The reversal, which began in late 2025 under new chief executive Antonio Filosa, spans models from the Peugeot 308 and DS No. 4 hatchback to a swathe of commercial vehicles including the Opel Combo, Citroën Berlingo and Peugeot Rifter. A newly developed 2.2-litre diesel has already debuted on the Opel Zafira. The company framed the move as demand-led, with a spokesperson confirming that Stellantis had opted to maintain diesel in its portfolio and, in some cases, expand availability.


The timing is pointed.
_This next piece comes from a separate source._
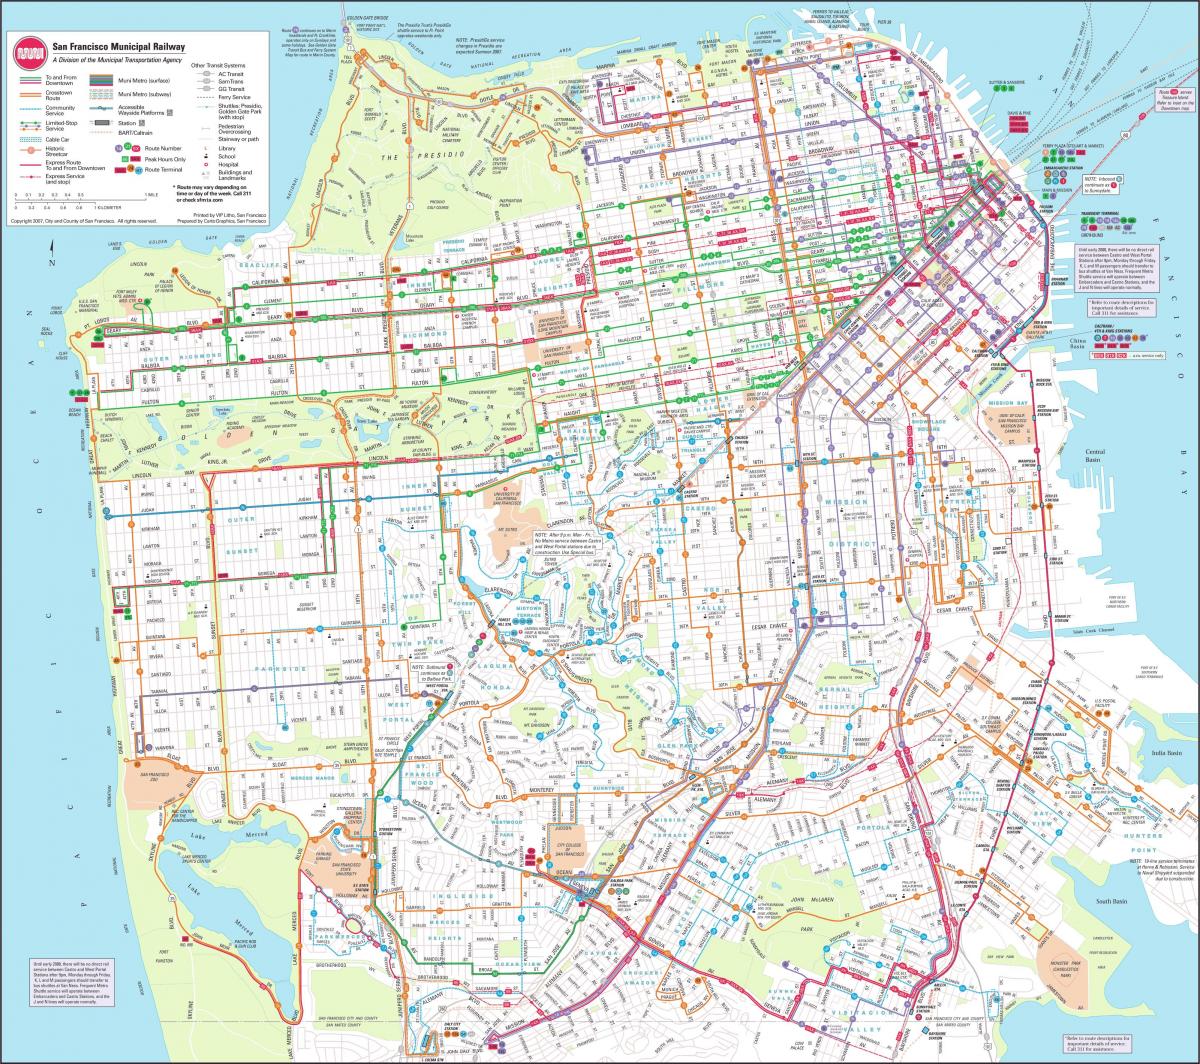 Карта Сан-Франциско муниципальная железная дорога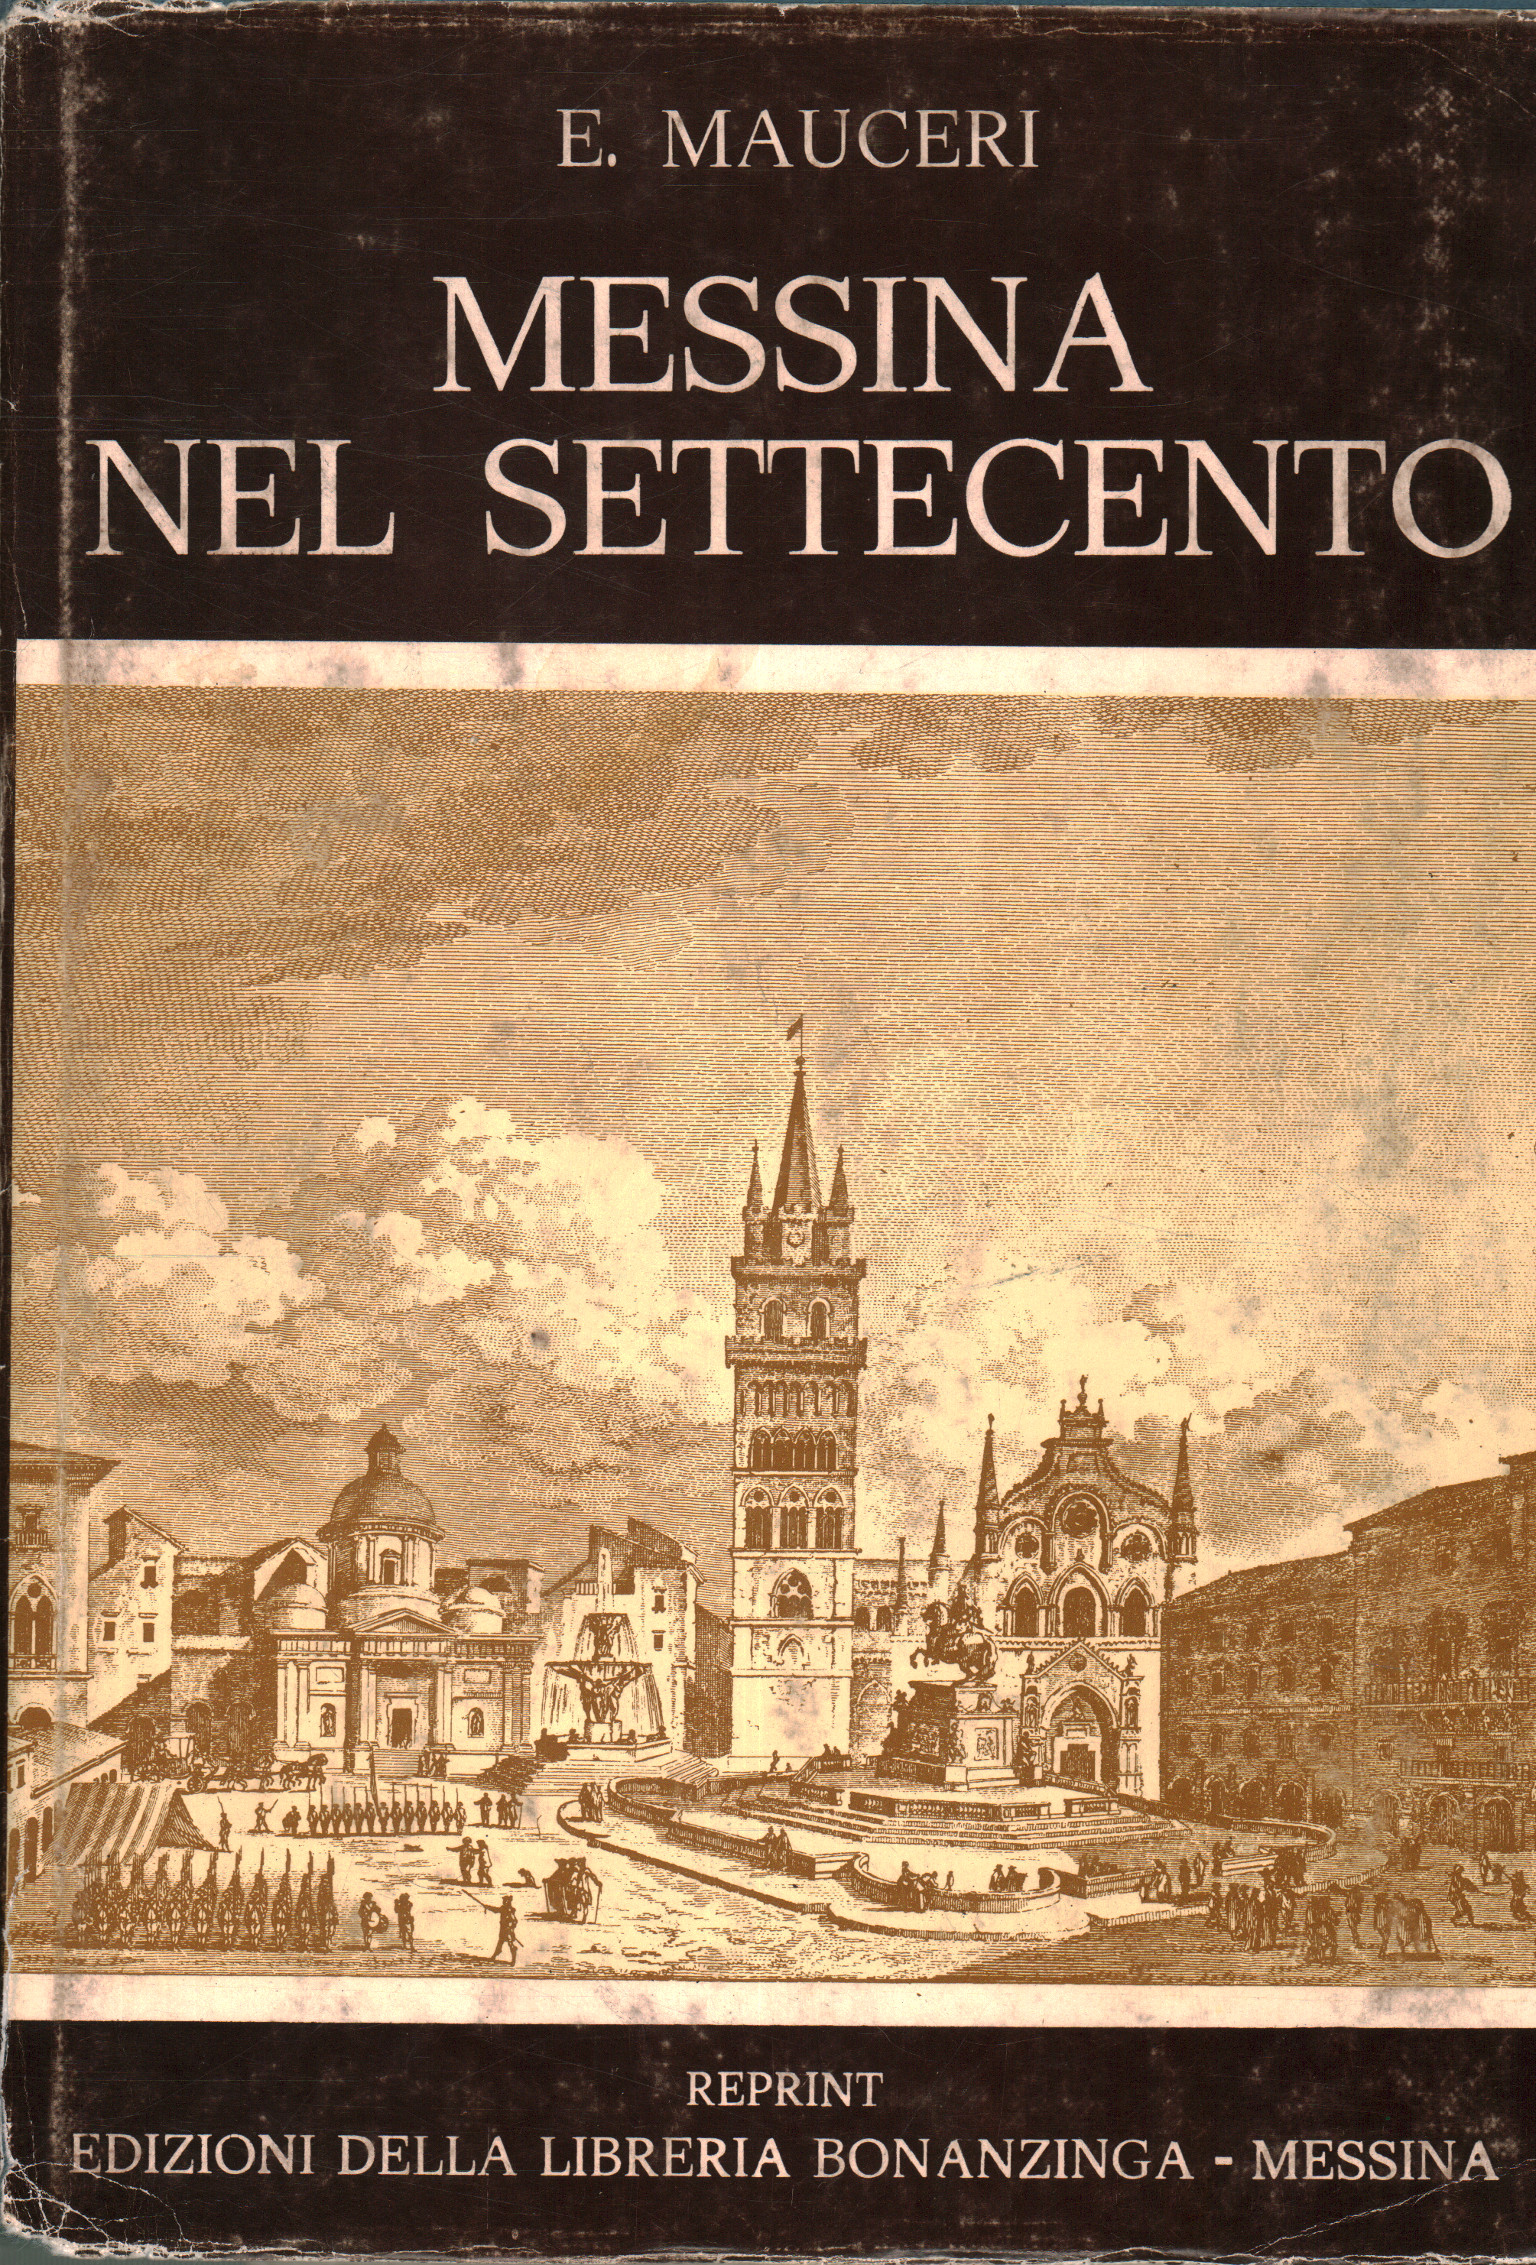 Messina im 18. Jahrhundert, E. Mauceri

Earlier this month Stellantis disclosed €22.2 billion in charges linked to the wholesale reset of its electrification strategy and product plans, driving an estimated net loss of up to €21 billion for 2025 — the worst in the group's four-year history. The dividend has been suspended, and the board has authorised up to €5 billion in hybrid bond issuances to shore up the balance sheet. European sales fell 3.9 per cent last year, following a 7.3 per cent decline in 2024.


The diesel pivot carries a certain competitive logic. Chinese rivals that dominate the EV segment have virtually no presence in diesel, offering Stellantis a niche where price-sensitive European buyers face limited choice. Diesel's share of EU new car registrations fell to just under eight per cent in 2025 — a fraction of the fifty per cent it commanded before the Dieselgate scandal — but the field is now so depleted that margins may prove more defensible.


Yet the strategy sits uneasily alongside Brussels' CO₂ reduction trajectory. With fleet-wide targets tightening through 2035, expanding diesel availability risks complicating compliance at precisely the moment regulators have offered the industry more flexibility through the Automotive Package. For Stellantis, the bet is that pragmatism will buy time — and revenue — while its longer-term electric portfolio catches up.